• DepthAI-v2
  • Question regarding ColorCamera configuration/control

Some context: I hope to use a MobileNetSpatialDetectionNetwork node to recognize a set of inanimate and immobile objects in my environment to assist in localization. I also want to use the node to recognize faces and eventually specific individuals. The inanimate objects are all on or close to the floor of the environment. The faces I expect to be over 1 m from the floor. At this time I do not have my OAK-D mounted on a pan/tilt mechanism and hope to avoid doing so. As a result I need to get the maximum VFOV from the color camera.

I found that the example script spatial_mobilenet.py uses the sensor resolution 1080_P. Further, the camera preview by default is center cropped. Thus the cropped ROI is 1080x1080. That ROI is then scaled to 300x300 as specified. So, the MSDN node sees 100% of the sensor image height, but only 56% of its width. So that means the things I want to detect have to be centered w.r.t. the camera to be seen and detected.

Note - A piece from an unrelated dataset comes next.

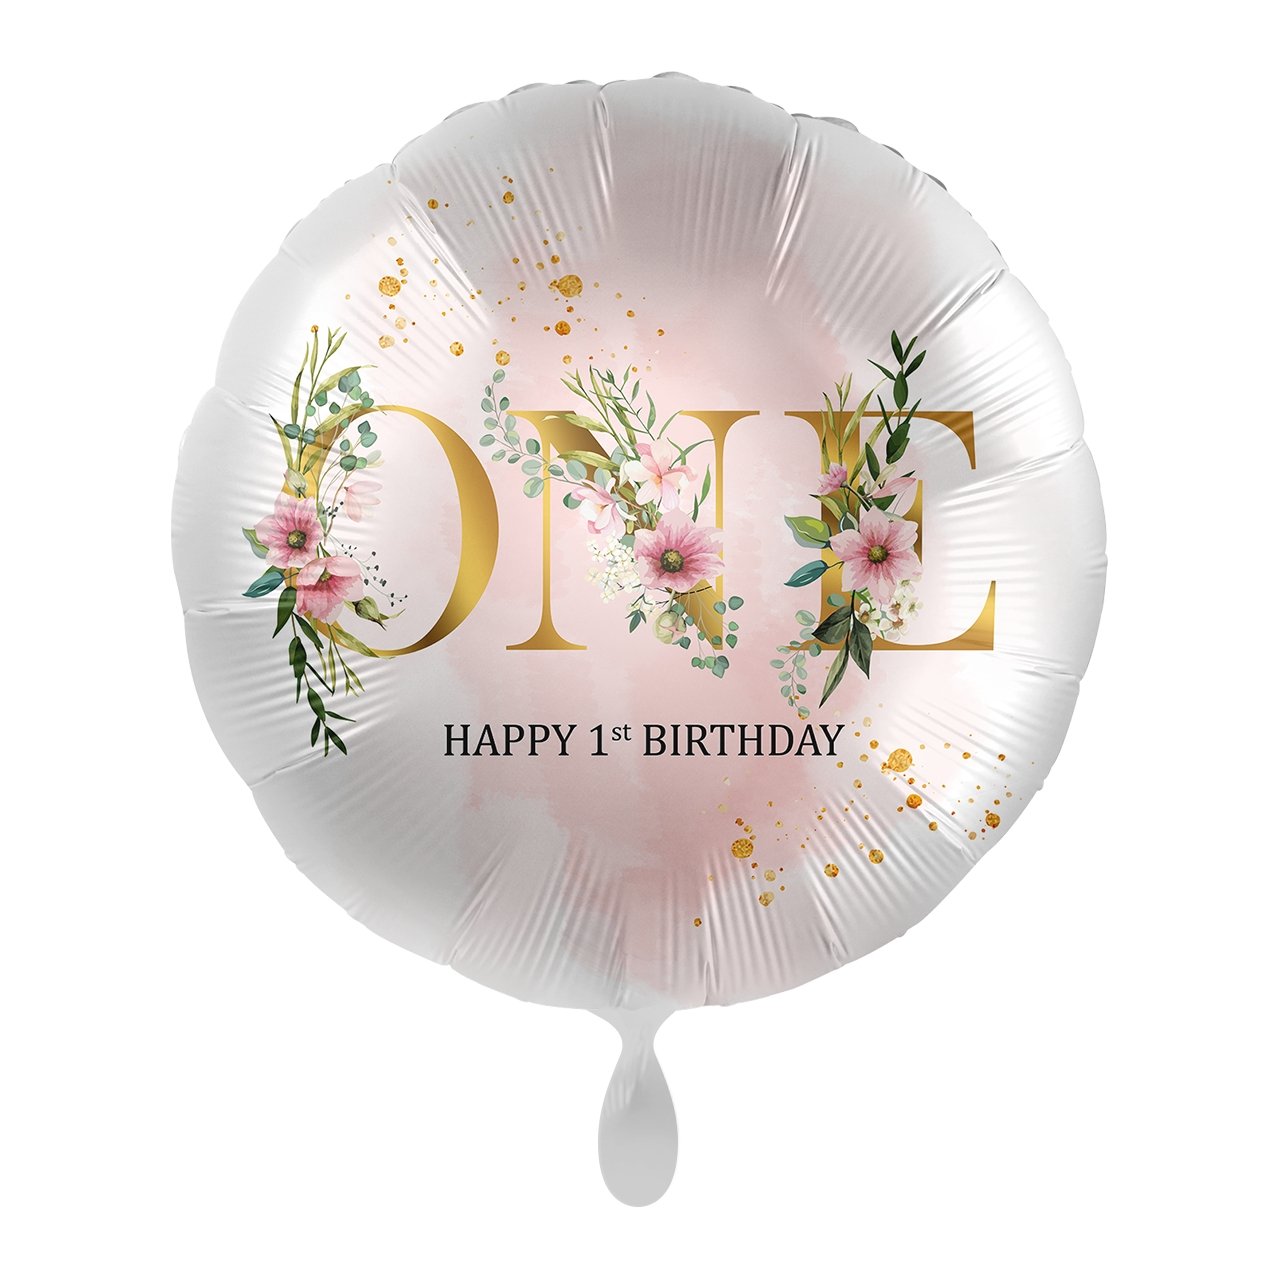 Folienballon "Happy 1st Birthday" 43cm - Party im Karton

That got me to wondering about moving the ROI so that over some period of time, I could change the ROI and "scan" electronically the entire HFOV if necessary. I found rgb_camera_control.py, which allows you to change exposure and the crop ROI (plus other things). I found when changing the exposure area, it was pretty obvious (visually) that it takes the camera about 5 seconds to settle to a new autoexposure setting.

Changing the crop ROI appears (visually) to work immediately. But I'm not sure that is true; it would not be surprising if it took a frame or two, or maybe more.

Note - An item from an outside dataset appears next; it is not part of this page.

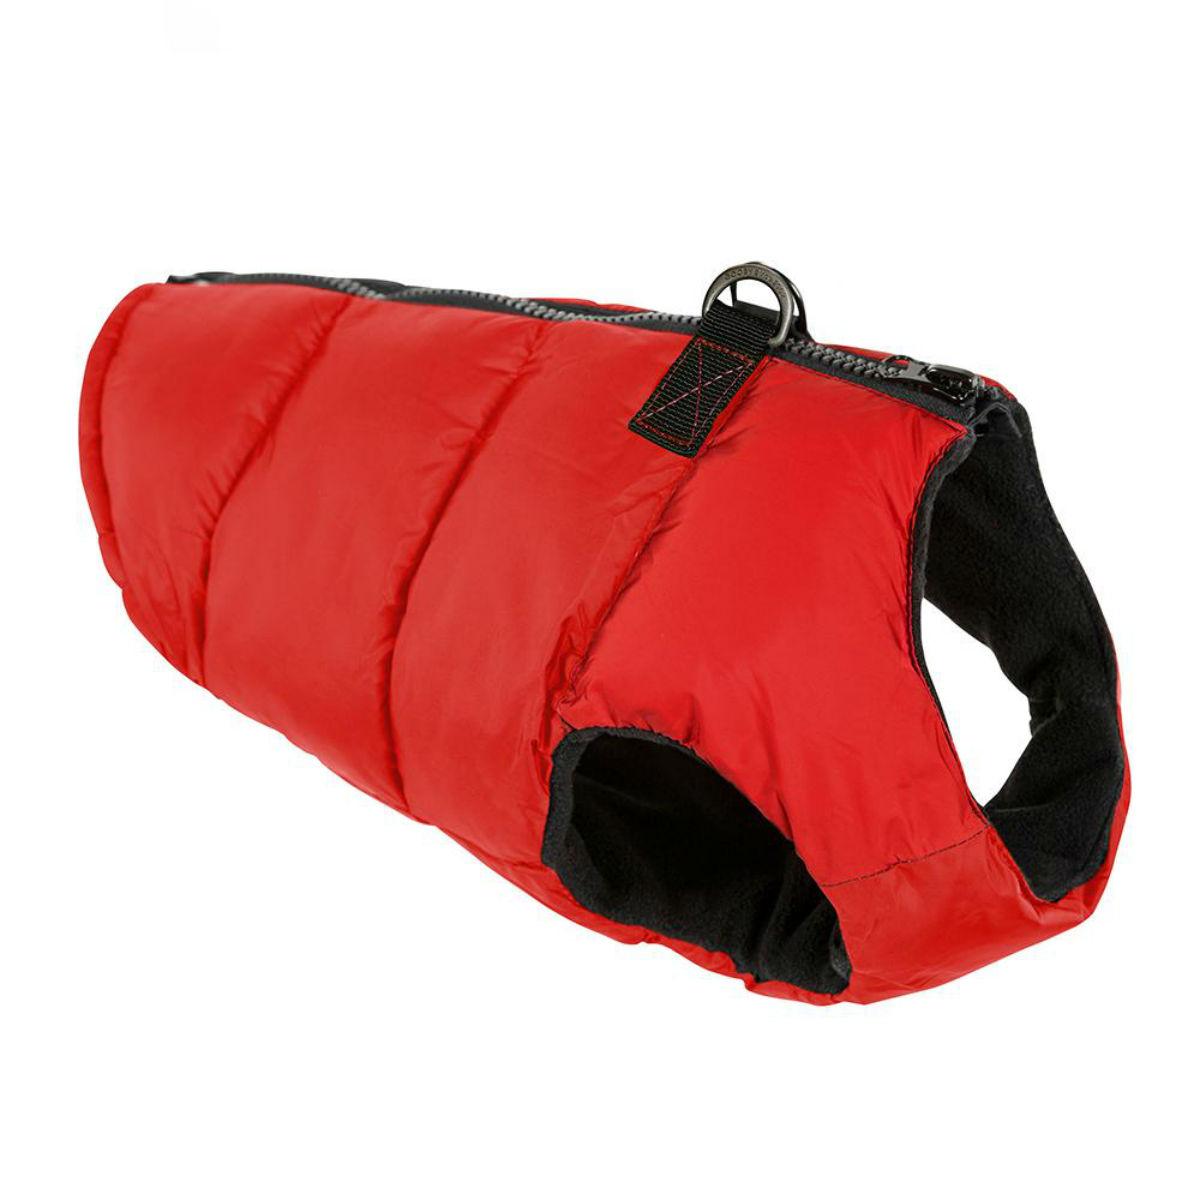 Gooby Padded Dog Vest - Red

These configuration and control changes make me wonder, is there some status setting, or something that indicates some steady state where the configuration and control settings are stable and one can trust the information flowing out of the pipeline? More specifically, is there a way to know when the autoexposure has settled; is there a way to know a new crop ROI is engaged? Or do I just need to perhaps take the best guess at some number of frames?

  • erik replied to this.

    Hello gregflurry , first sorry for the delay.
    so I have just recently creating a demo that maximizes VFOV, link here.
    Regarding other questions, I hope my readme in that PR will answer them:

    This demo shows how you can run NN inferencing on full FOV frames. Color camera's sensor has 4032x3040
    resultion, which can only be obtained from isp and still outputs of ColorCamera node. In order to run NN inference on a frame, the frame must be in RGB format and needs to be specific size. We use ImageManip node to convert YUV420 (isp) to RGB and to resize the frame to 300x300 (required by MobileNet NN that we use).

    Thanks, Erik

      @erik Thanks for the pointer to the demo. I injected the approach into my use of the MobileNetSpatialDetectionNetwork node and it worked nicely, at least as far as I could tell. The total loading on the LeonOS and LeonRT was about the same as my original approach, but with reduced load on OS and more on RT. Not sure if that matters.

      There is one thing that bothers me a bit. The demo approach in effect uses 'letter-boxing" which reduces size of any feature/object that might be detected. I don't know enough to know if that makes a difference for accuracy of the NN detection. Does it?

      • erik replied to this.

        erik I recreated the demo you mentioned in my environment, with the exception of using a different blob. There was actually a difference between what is shown in the readme and what I see. The passthrough is in grayscale, not color as shown in the readme. Am I doing something wrong?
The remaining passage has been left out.